On the whole, plant-based nutrients are thought to play an extremely supportive part in looking after our immune system. They produce antibodies and reduce oxidative stress.
Fruit and vegetables are great sources of vitamins A, C and E, which have been shown as important to decrease the risk of respiratory infections, such as the common cold and pneumonia. It also seems that for those following a vegan diet who are unlucky enough to fall ill, eating a diet rich in these particular vitamins can shorten the duration of breathing related illness and hasten recovery.

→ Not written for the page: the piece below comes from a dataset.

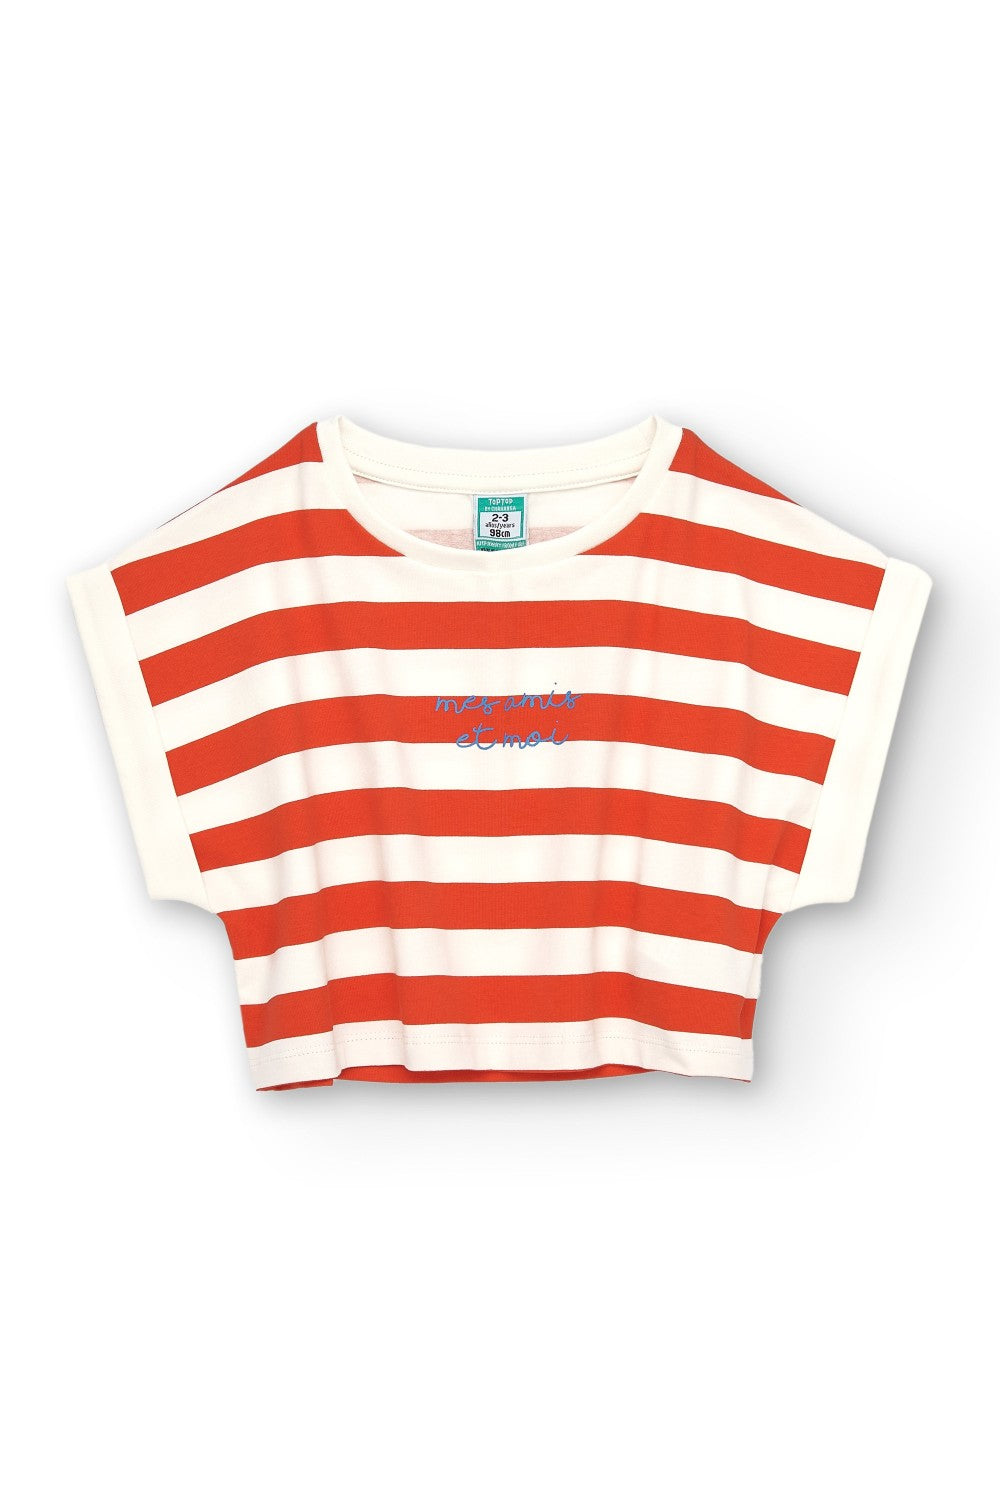 Camiseta de niña de rayas VERANO/Outlet

A number of vitamins and trace elements have been demonstrated to have key roles in supporting the human immune system and reducing risk of infections. These include:
- Vitamin A
- Vitamin B6
- Vitamin B12
- Vitamin C
- Vitamin D
- Vitamin E
Zinc and Selenium may be particularly vital elements to factor into COVID prevention. Selenium's well documented role in supporting our immunity proves it could be a useful tool in our preventative arsenal. If you're not a fan of taking vitamin pills, just five brazil nuts each day will provide your recommended intake of selenium whilst lentils, chickpeas, beans, tofu, cashew nuts, chia seeds, ground linseed, hemp seeds, pumpkin seeds, kale, dried apricots and figs, raisins and quinoa offer fantastic sources of iron.

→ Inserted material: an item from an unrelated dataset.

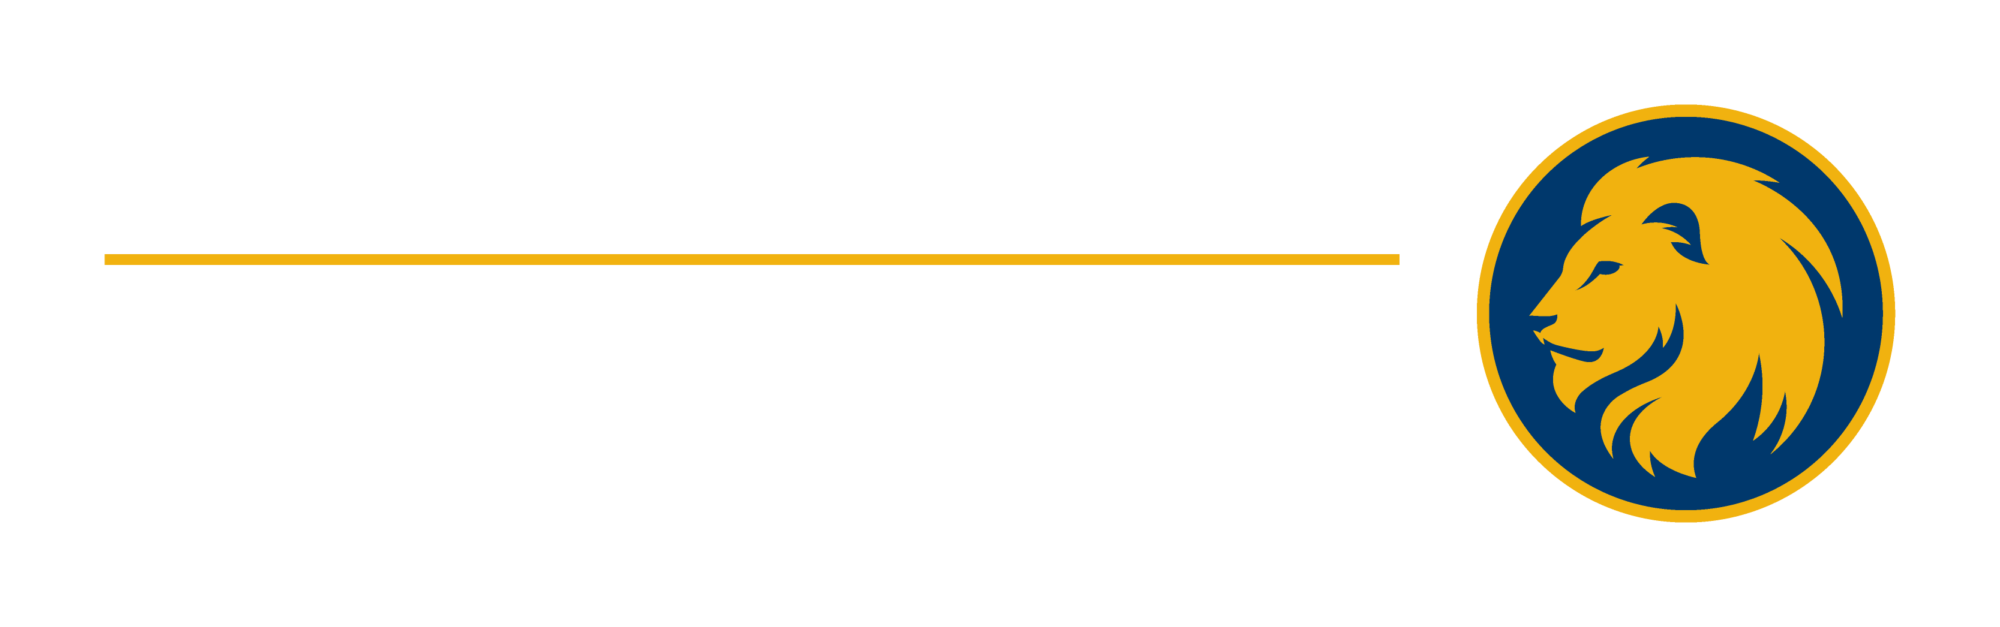 皇冠体育365赌博&M University-商务 logo.

Good Gut Bacteria Boosts Immunity
You've probably heard me herald the importance of good gut bacteria endlessly when it comes to skin disease! Well, it's just as vital when it comes to taking general care of our immune system and preventing viral infections such as COVID.
Our gut is our digestive tract. It runs from our mouth down to our bottom. Seventy percent of our immune system resides in our gut, so it's an important factor when it comes to immunity. Trillions of bacteria exist in our digestive tract and if we can boost the good ones they will take good care of us in return.
Our gut bacteria forms a line of defence against harmful pathogens, but lots of things can disrupt this important barrier. Poor lifestyle choices, stress, antibiotics and other medication can all deplete the good stuff. However, evidence suggests that nourishing our gut with live, desirable bacteria through eating fermented foods or taking a good quality probiotic, contributes positively to maintenance of our important gastrointestinal barrier.
Should I Go Vegan to Prevent Covid?
Even before this research was published, the World Health Organization (WHO) already recommended we strengthen our immune systems during the pandemic. They suggest eating fresh, unprocessed foods, such as vegetables, legumes, and whole grains but according to the Centres of Disease Control and Prevention
If you've been thinking about switching to a more plant-based regime for a while, this might be the final nudge you need to take that extra step towards a vegan diet. As a vegan myself, I can only speak positively about the incredible impact a plant-based diet has had on my overall health.
Plant-based foods provide me with all the vitamins and nutrients I need. I have so much energy, my iron levels are great and most importantly I feel fantastic!
If you're a little overwhelmed at the prospect of going fully plant-based, it's still important to ensure you're getting plenty of plant-based foods such as vegetables, fruit, nuts and seeds at every meal. Slowly transitioning to a pescatarian diet could work well if you're not quite ready to dive in at the vegan deep end just yet. I'd recommend opting for wild caught, sustainable, low mercury fish wherever possible.
Every step you take towards including more plant-based ingredients in your meals each day is a positive one. There's plenty of work still to be done it seems to encourage the 'prevention over cure' principle, but research like this can only help encourage the world to become a healthier, kinder, more compassionate place.